ディア・ハンター
No.416 / 2019年4月1日配信
米国と北朝鮮の首脳が2月末にハノイで会談しましたが、平和への道筋は簡単にはつかないようです。ハノイといえば、私の受験勉強時代は北ベトナムの首都でしたが、その頃は毎日のようにベトナム戦争のニュースが紙面を賑わしていました。戦争終結後も報道カメラマンの沢田教一さんの行動を綴った「ライカでグッドバイ」などから刺激を受けたものです。
「ディア・ハンター」観たことはありますか?顔を上げると、よく顔を見せる地方銀行の営業マンが机のそばに立っていました。当時はヤクルトのおばさんはもちろん、生保レディ達の勤務時間中の職場出入も問題視されなかった、おおらかな時代でした。その銀行員は自社の定期預金の有利さを説く前に、「絶対観た方がいいですよ」とまずは映画を強く推したのです。
早速、週末の独身アパートの部屋で、借りてきたVHSビデオテープを回しました。ベトナム戦争の狂気の中、仲間との友情を描いた映画でした。捕虜になったロバート・デニーロたちがロシアンルーレットをやらされるシーンではとんでもない恐怖感に襲われました。ストーリーの展開は最後まで重く、その夜なかなか寝付けなかったことを思い出します。
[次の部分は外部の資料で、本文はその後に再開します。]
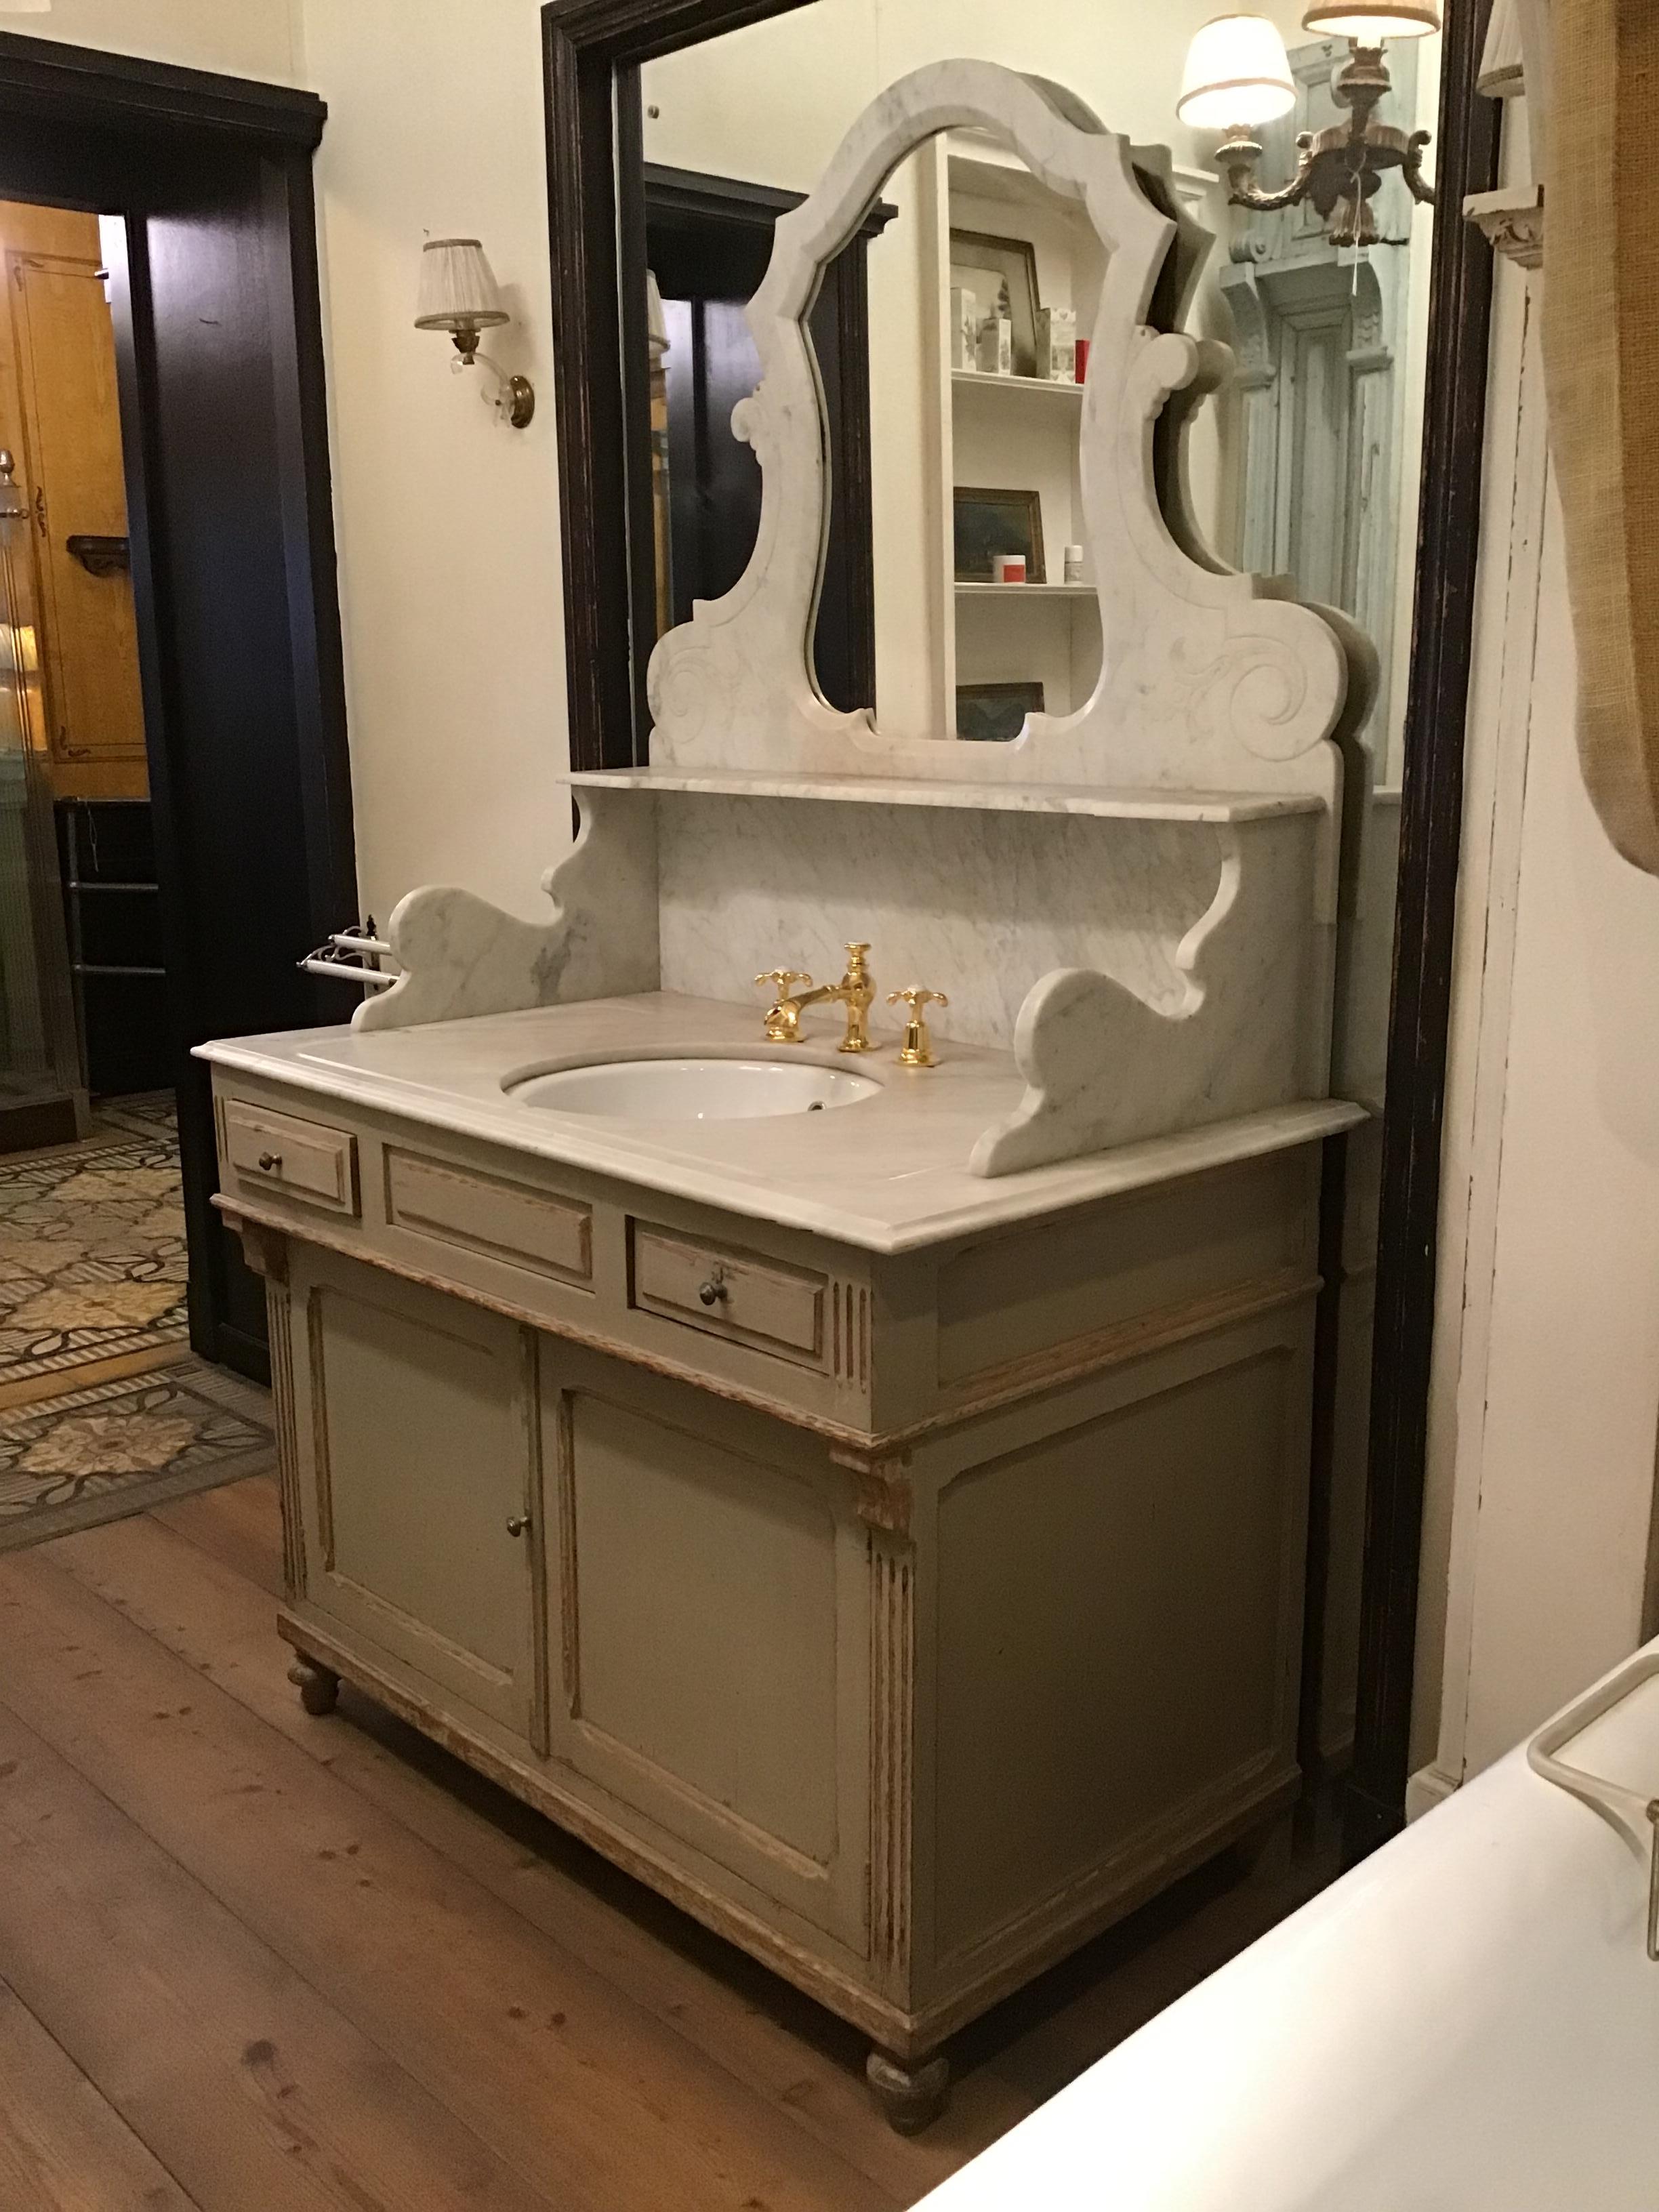 19th century French hand painted cupboard sink with original marble top and mirror. 1890s.

それは昭和の時代のことでした。大きなイデオロギーが衝突する世界の中で私たちは生きてきました。立ち位置は違っていても、みんな自国のために懸命に(あるいは愚かに)戦っていたのですが、そんな争いは決して人々を幸せにしないことを映画は語っていました。今夜は伝承かめ壷造り・本格芋焼酎「幸蔵」のカップを傾けて、久しぶりに「幸せとは?」を考えてみます。